When a jury is exposed to potentially prejudicial material, the accused’s right to an impartial jury has been threatened.  State v. Scruggs, 421 N.W.2d 707, 716 (Minn. 1988).  Here, although the prosecutor’s statements alluding to possible penalties for perjury and first-degree aiding and abetting were improper, appellant was not denied his right to trial by a fair and impartial jury based upon the prosecutor’s statements.

First, the district court issued a curative instruction.  The district court is the first line of defense against misconduct and should be given the opportunity to issue a curative instruction or grant a mistrial.  State v. Morgan, 477 N.W.2d 527, 531 (Minn. App. 1991).  And reviewing courts will presume that the jury followed the district court’s instructions.  State v. Miller, 573 N.W.2d 661, 675 (Minn. 1998).

Second, the overwhelming weight of the evidence was against appellant.  See State v. Ives, 568 N.W.2d 710, 714 (Minn. 1997) (stating that any misconduct committed by the prosecutor’s comments must be viewed against the overwhelming evidence of appellant’s guilt.)  This was a controlled drug buy.  Police officers used audio and video surveillance to monitor the drug purchase.  The police informant used to purchase the drugs had been used by this police department numerous times before.  And the testimony of the informant and the observing officers concerning the details of the drug buy were consistent.  We therefore conclude that the prosecutor’s remarks, while improper, were not “so serious and prejudicial that defendant’s right to a fair trial was denied.”  State v. Wahlberg, 296 N.W.2d 408, 420 (Minn. 1980) (citation omitted).

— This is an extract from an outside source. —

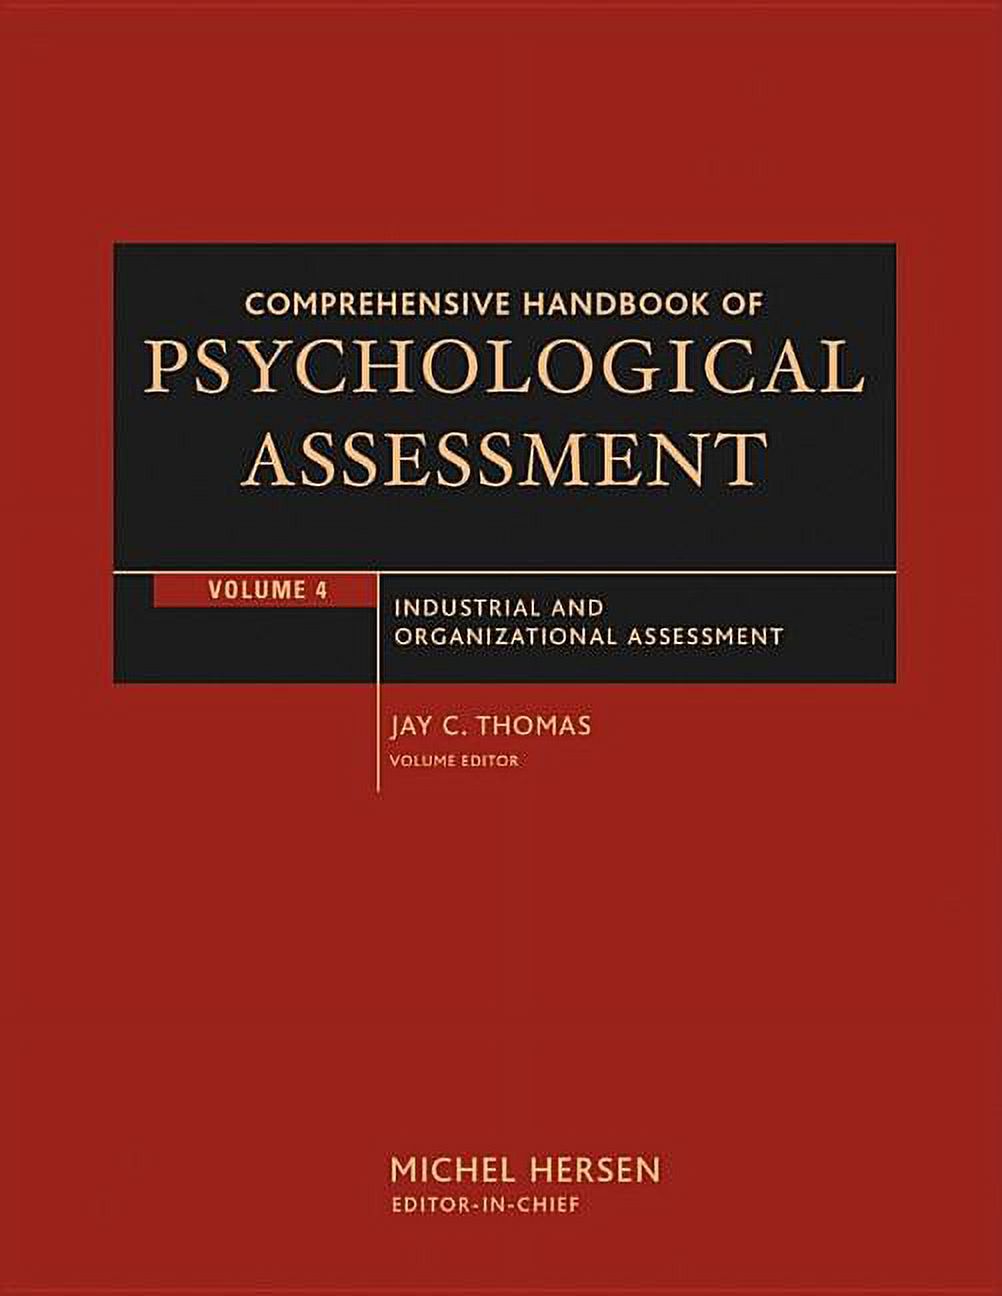 Comprehensive Handbook of Psychological Assessment: Comprehensive Handbook of Psychological Assessment, Volume 4: Industrial and Organizational Assessment (Hardcover) - image 1 of 1

In conclusion, even considering all the allegations of misconduct cumulatively, given the overwhelming evidence of appellant’s guilt, we conclude that a reversal is not required.  State v. Rose, 353 N.W.2d 565, 570 (Minn. App. 1984), review denied (Minn. Sept. 12, 1984).



*  Retired judge of the Minnesota Court of Appeals, serving by appointment pursuant to Minn. Const. art. VI, § 10.